The things I carry

I am not a backpacker. If the definition is that you carry all of your belonging on your back, then I am most certainly not one. I travel a lot with them though, and most of the time its what i look like. But i learned a new term that i believe applies the best: flashpacker. Means I travel cheap, but not frugally, I carry quite a few gadgets with me, and my bag is a hybrid of a rolling suitcase and a backpack. Here I list what I have found essential since I started my travel.

1. My brother’s iPad
I don’t own an iPad, but my brother graciously lend me his albeit I think he did not prepare for how long my “journey” was. If you need to write a blog this is a must. I did not want to carry anything heavier, and my iPhone is certainly not a writing tool. This has been a wonderful compromise.

2. Osprey bag
I think this has been my best purchase, ever. And I don’t mean ever on this trip, I mean ever in my life. It is quite a fantastic bag: rolling it allows me to be able to walk around a lot more than if I had a big pack on my bag, it has the releasable day pack, it converts into a backpack for when I’m going on a motorcycle, it’s pretty much my baby at this point. Expensive purchase, but worth it.

3. My camera
Choosing a camera to drag with you for months is a difficult decision. Obviously a point and shoot is much more practical and less heavy. It just depends on your love of photography, what you want from your photos, etc. I have my Cannon T2i rebel and I love it. But yes, it’s heavy, and yes if it gets stolen it will feel like a limb was taken from me.

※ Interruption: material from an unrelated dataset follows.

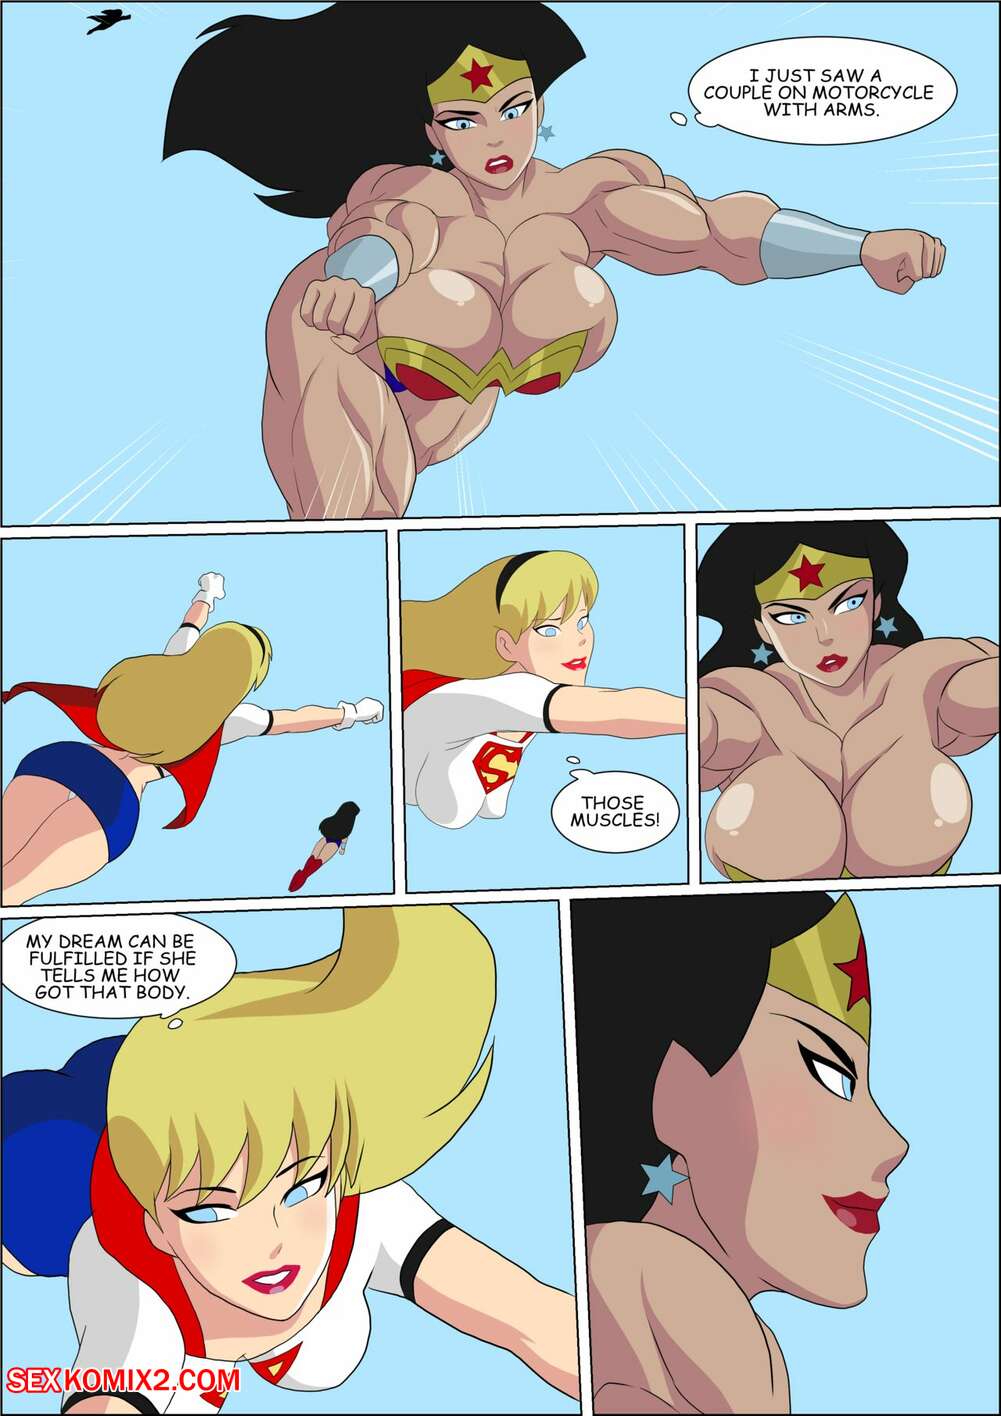 Wonderwomen cartoon porn

4. A few different bank cards.
Ever since a Turkish ATM swallowed my debit card I decided that having more than one is more than useful. It’s necessary.

5. A kindle
Unless you want to be carrying heavy books all over the place, the kindle is a great gadget to troll around. It’s not too expensive as to have to worry about it, and it’s incredibly useful, especially for long-term traveling.

6. One of each: swimming suit, sweater, ballerina slippers
These are the three most useful pieces of clothing I brought with me. The rest have barely been used, since I’m always wearing the cheap long pants I purchased in Thailand. (For most religious places you have to be covered down to your ankles, and jeans in this heat are unbearable.)